Gene Promoter Methylation in Plasma and Sputum Increases with Lung Cancer Risk

Materials and Methods

Subject enrollment. Never smokers (n = 74, defined as <100 cigarettes smoked during their lifetime) and current and former smokers (n = 121) were from the Albuquerque, New Mexico, metropolitan area. Subjects were recruited through advertisement in a local newspaper and are part of a developing cohort of women at risk for lung cancer. The criteria for participation were females between the ages of 40 and 80, smokers with a minimum smoking history of 15 pack-years, the ability to understand and sign the informed consent, and the ability to perform the requested study procedures. In addition, subjects could not have prior diagnosis of cancer of the aerodigestive tract. Lung cancer survivors were enrolled through a national phase III chemoprevention trial being conducted by the Eastern Cooperative Oncology Group that is investigating the ability of l-selenomethionine to decrease the rate of secondary primary tumors in patients resected for a stage I non–small cell lung cancer. Patients recruited through the prevention trial (n = 56) must have undergone complete resection of a histologically proven stage IA (pT₁N_o) or IB (pT₂N_o) non–small cell lung cancer and be currently disease free. In addition to being pathologically stage N_o, at least one mediastinal lymph node must have been sampled at resection. Eligible participants are ≥18 years of age, between 6 and 36 months from the date of surgical resection, have not received chemotherapy or radiation therapy, and have a negative chest X-ray or computed tomography scan ≤8 weeks before registration on the prevention trial. The Lovelace Respiratory Research Institute Review Board approved this study and all participants gave written informed consent.

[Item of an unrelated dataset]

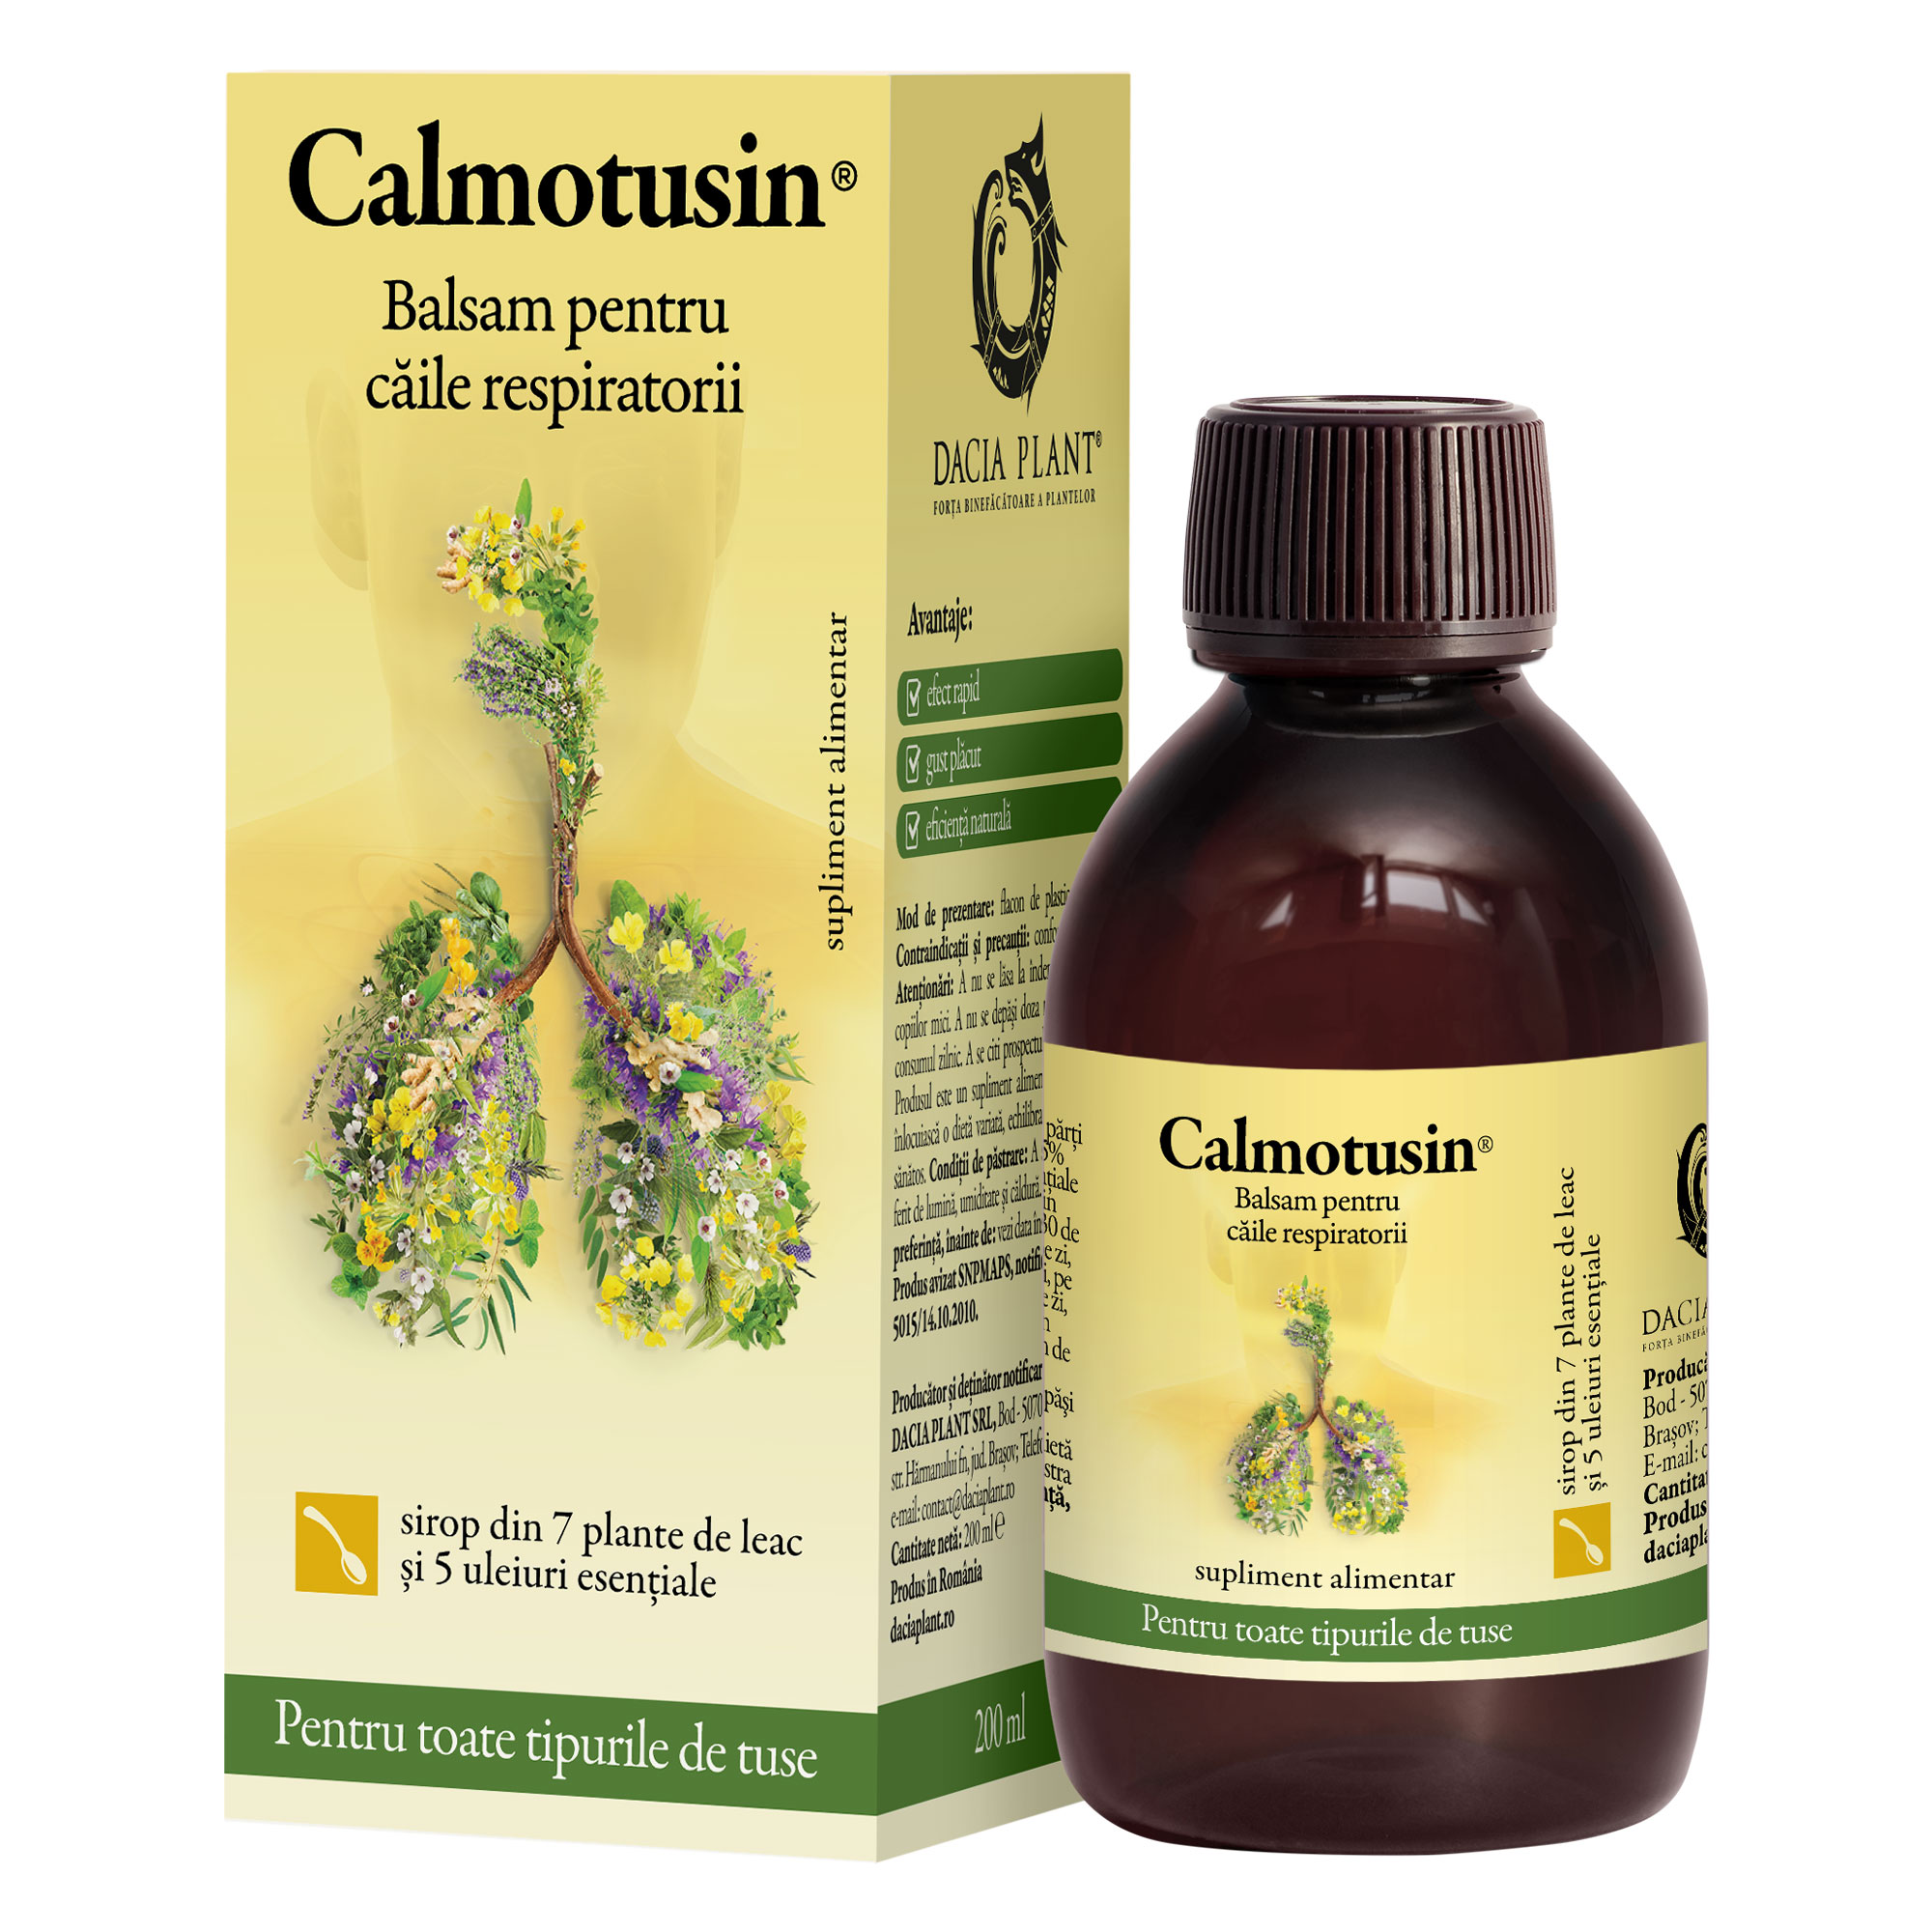 Calmotusin sirop din 7 plante medicinale si 5 uleiuri esentiale Dacia Plant – 200 ml
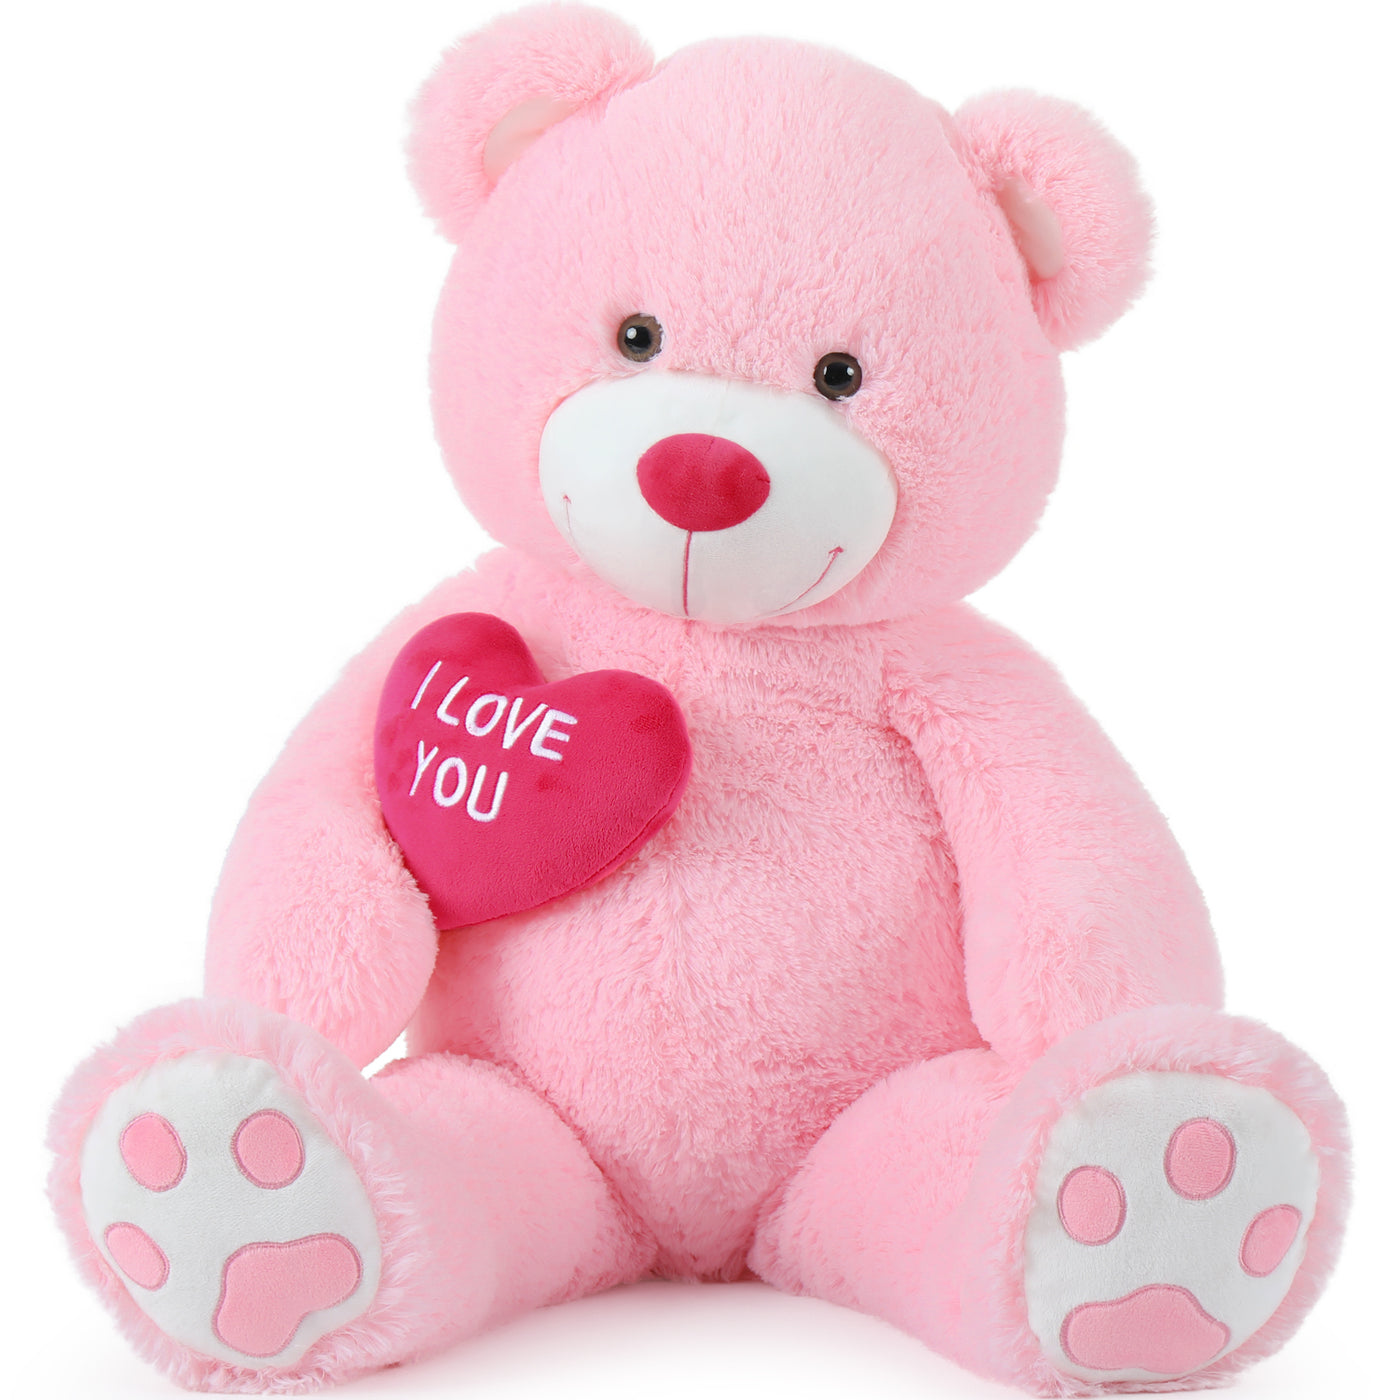 MaoGoLan Big Teddy Bear 4.3ft Stuffed Animal, I Love You Red Heart Giant Pink Teddy Bear Plush Toy, Large Stuffed Animal Gift for Girlfriend, Boyfriend, Kids

All smokers completed a standardized respiratory questionnaire based on an adult respiratory questionnaire from the American Thoracic Society (26) that describes in detail each subject's complete smoking history, including variability in smoking intensity over time and periodic intervals of cessation. The questionnaire also documents respiratory health (cough, dyspnea, etc.), general health, family history, and occupational exposures. Never smokers completed the same questionnaire. Subjects enrolled on the prevention trial completed a baseline questionnaire that documented tobacco history, including pack-years, duration, and smoking status.

Selected demographics by group status are summarized in Table 1. The significant differences seen were greater age and lower amount of free DNA recovered from plasma for lung cancer survivors compared with smokers and never smokers.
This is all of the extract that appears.